If you can find a copy in good condition (unlike my scratched, and snowy sounding one!) and appreciate an album of this kind with this kind of audio aesthetic and character, it's well worth getting this issue.
I question the bootleg status of this, if it came from the official factory, albeit "unofficially" pressed...
(Snuck out the back door by cheeky employee etc.)
...As bootleg seems to imply an entirely separate entity replicating official issues for reasons of profit, and thereby stealing from the copyright holder / label of origin, the profits which would otherwise would have been rightfully theirs.
If this is extremely rare, where only a couple or a handful exist, this would seem to lend credence to the idea that it was a one time -off the books sneaky press by insider, for their own use, as opposed to a boot, as any bootleg enterprise isn't going to make only a couple, or even a few if there's no possibility of any wedge at the end of it, due to lack of numbers, surely?

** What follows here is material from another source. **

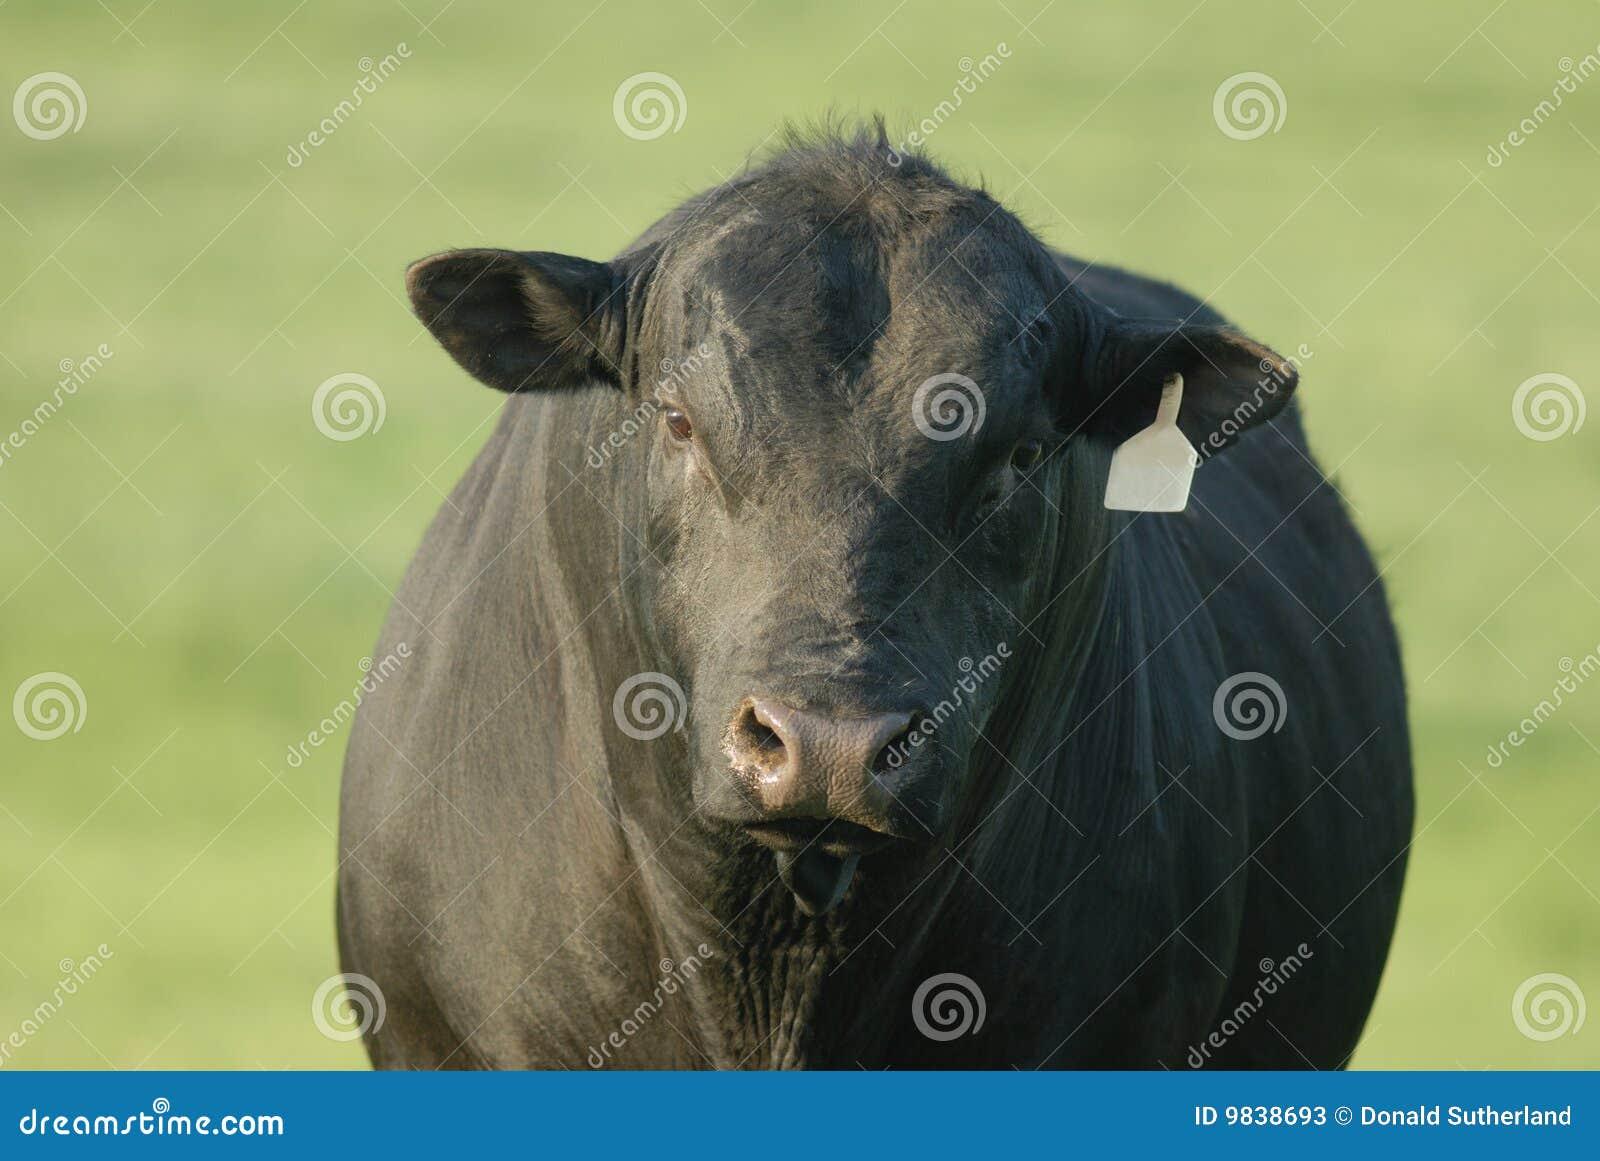 Angus svart tjur

I never really got into Suede at the time, although of course, they were a presence in popular culture, with singles pervading the airwaves and all, which I was aware of... especially those from this album, which actually caused me to deliberately avoid them on the principle that it sounded like a band who had sold out, and "gone commercial"...
(For all their protestations at the time that they should not be categorized under the same banner as other bands who the popular media dubbed: "Britpop", it is strange that they should have produced this... perhaps one of the most Britpop / commercial albums of them all!)

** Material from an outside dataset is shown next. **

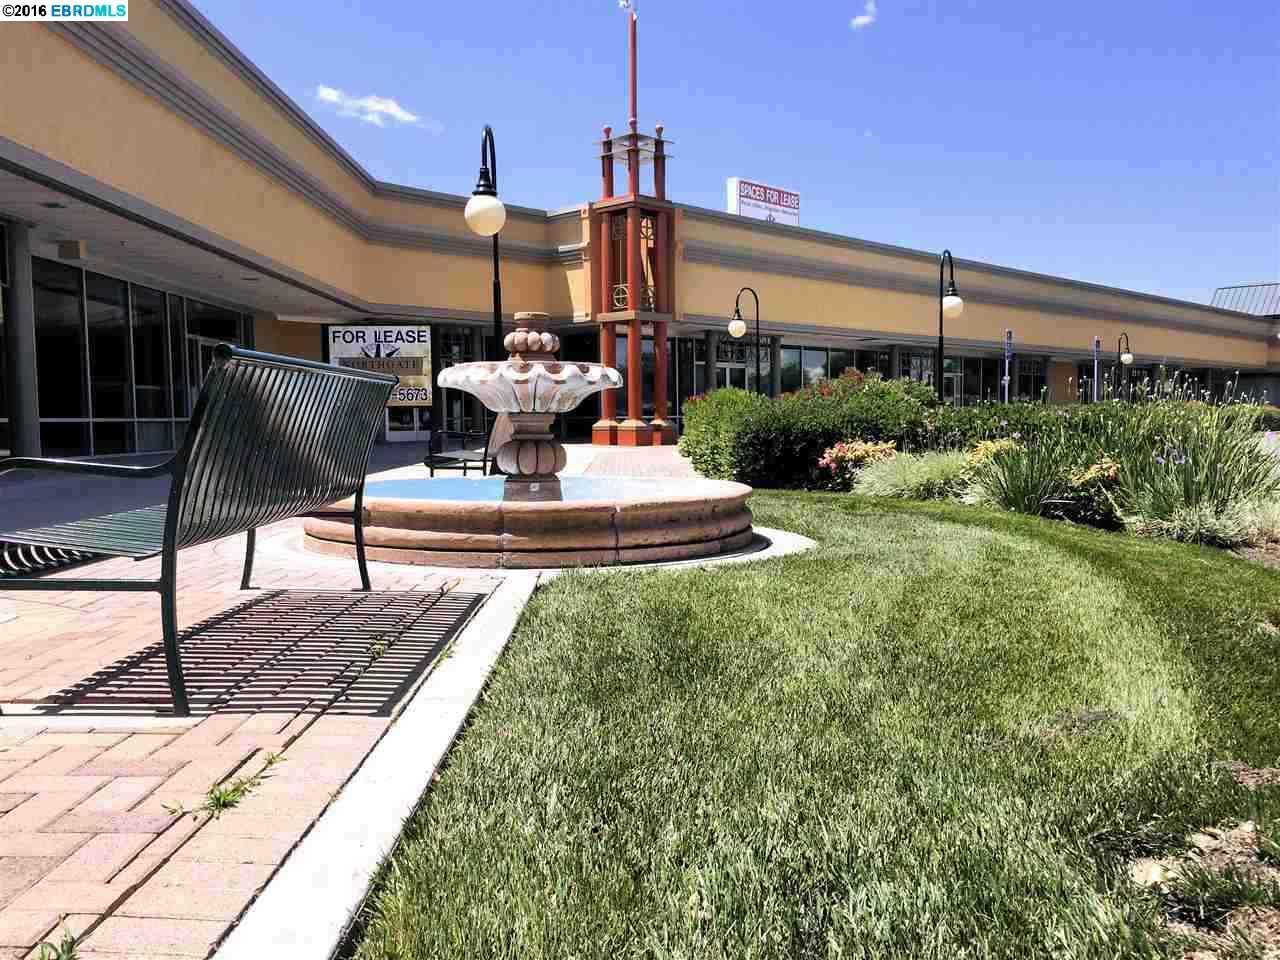 一戸建て のために 賃貸 アット 1005 E Pescadero suite 155-157 1005 E Pescadero suite 155-157 Tracy, カリフォルニア 95304 アメリカ合衆国

...These sounding like overtly pop, punchy, commercial tunes you can 'um.
And even the cover reflects greatly the character of the album as a whole... Gone the dark, dingy photography of more serious artists, in it's place a lurid, energy drink fuelled neon-ette "buy me!" cover enclosing a slab of brief, high energy pop stabs and jabs.
But it was during the interims between lockdowns in the pandemic that I was on a "buy it and rip it" spree of all those old albums on CD that I'd missed first time around, that I had a tune pop up on my MP3 player form this, that acted as the better gateway track for the album:
By The Sea, is a different flavour altogether... an absolutely stunning masterpiece in fact, of scale, and sweep, with an incredible melancholic tone that really grabbed me by the pretzels and has since become one of the signature tunes of lockdown for me...
...And also Picnic By The Motorway, which has a woozy, destitute, hallucinogenic quality (especially in the vocal effect) made me listen to the other single tracks again, before giving the whole album a thorough listen through - a couple of times in fact.
I've now come to appreciate the album as a whole, and find, quite to my astonishment, that I really love it - it's quite a short album, wisely, as too much of that hyper energetic feel would have been wearing, especially without those two deeper cuts as interludes. And so, it's a well judged, well balanced album too.
And so, happening on Amazon a couple of weeks ago, to find this on sale for £14, I grabbed it up, and found this lovely 180g Clear vinyl plays with even greater scale and sweep on a proper system (through big boy speakers) than an MP3 can of course deliver, which unlocks the full audio potential.
The only minor gripe with this pressing - And the Bluetones: Expecting To Fly album I also got on this label: Demon, is how quiet the music is pressed on them - you have to turn the volume way up with this label's pressings it seems... but that's Ok I suppose, as the vinyl itself is silent, and clean sounding, so no amplified pops and crackles etc.
[As stated on both albums - Demon is a BBC company! - who knew!?!]
I may have to delve into other Suede albums now, especially in search of anything that can match By The Sea, for sheer wow factor.